Васильев вынул из больничного халата бумажку, на которой были начерчены один в другом три круга, начинающиеся на одной черте и затушеванные снизу на равное пространство.
– Видите: все, что темное, – это сон жизни, или теперешнее наше существование, а все свободное течение – это настоящее бытие, без кожаной ризы, в которой мы здесь спеленуты. Тело душевное бросается в затушеванной площади, а тело духовное, о котором говорит апостол Павел, течет в сиянии миров. После каждого пробуждения кругозор все шире, видение все полнее, любовь многообъемлющее, прощение неограниченнее… Какое блаженство! И… зато вы видите: преграды всё возвышаются к его достижению. Вы знаете, отчего у русских так много прославленных святых и тьмы тем не прославленных? Это все оттого, что здесь еще недавно было так страшно жить, оттого, что земная жизнь здесь для благородного духа легко и скоро теряет всякую цену. Впрочем, в этом отношении у нас и теперь еще довольно благоприятно. Да, да, Россия в экзаменационном отношении, конечно, и теперь еще, вообще, наилучшее отделение: здесь человек, как золото, выгорал от несправедливости; но вот нам делается знакомо правосудие, расширяется у нас мало-помалу свобода мысли, вообще становится несколько легче, и я боюсь, не станут ли и здесь люди верить, что тут их настоящая жизнь, а не… то, что здесь есть на самом деле…
– То есть?
– То есть исправительный карцер при сумасшедшем доме, в который нас сажают для обуздывания нашей злой воли.

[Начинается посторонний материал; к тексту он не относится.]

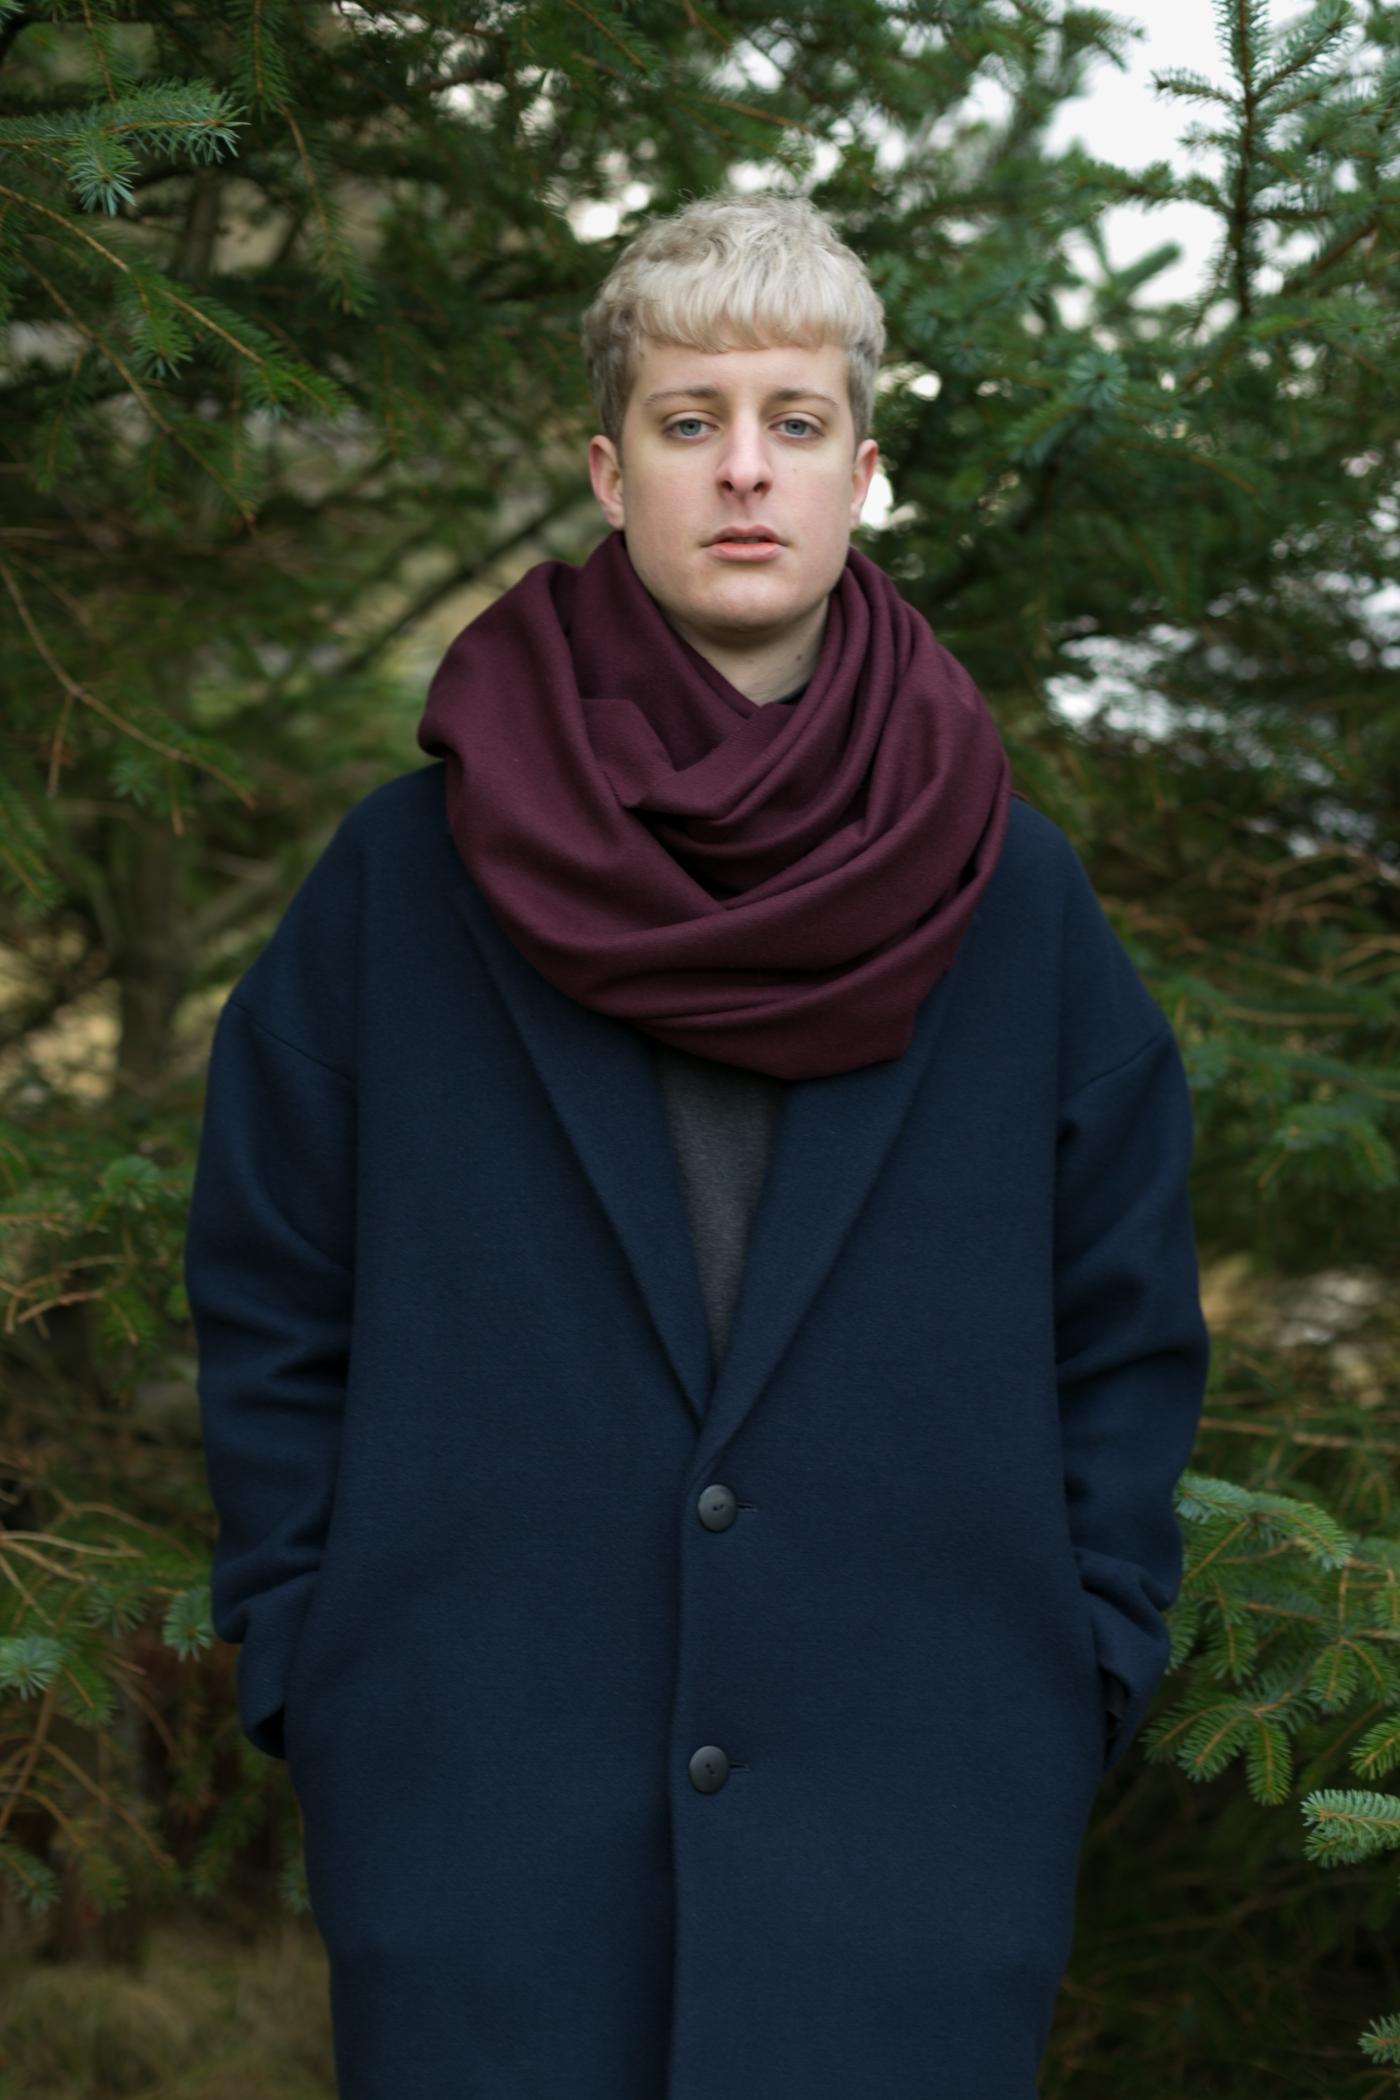 olav-jacket-and-copenhagen-scarf

«Прощай, – думаю, – мудрец в сумасшедшем доме», и с этим пожелал ему счастия и уехал.
Глава восемьдесят четвертая
Через сутки я был уже в Москве, а на третий день, усаживаясь в вагон петербургской дороги, очутился нос к носу с моим уездным знакомцем и решительным посредником Готовцевым.
– Батюшка мой? Вас ли я вижу? – восклицает он, окидывая меня величественным взглядом.
Я говорю, что, с своей стороны, могу более подивиться, он ли это?
– Отчего же?
– Да оттого, что вы так недавно были заняты службой.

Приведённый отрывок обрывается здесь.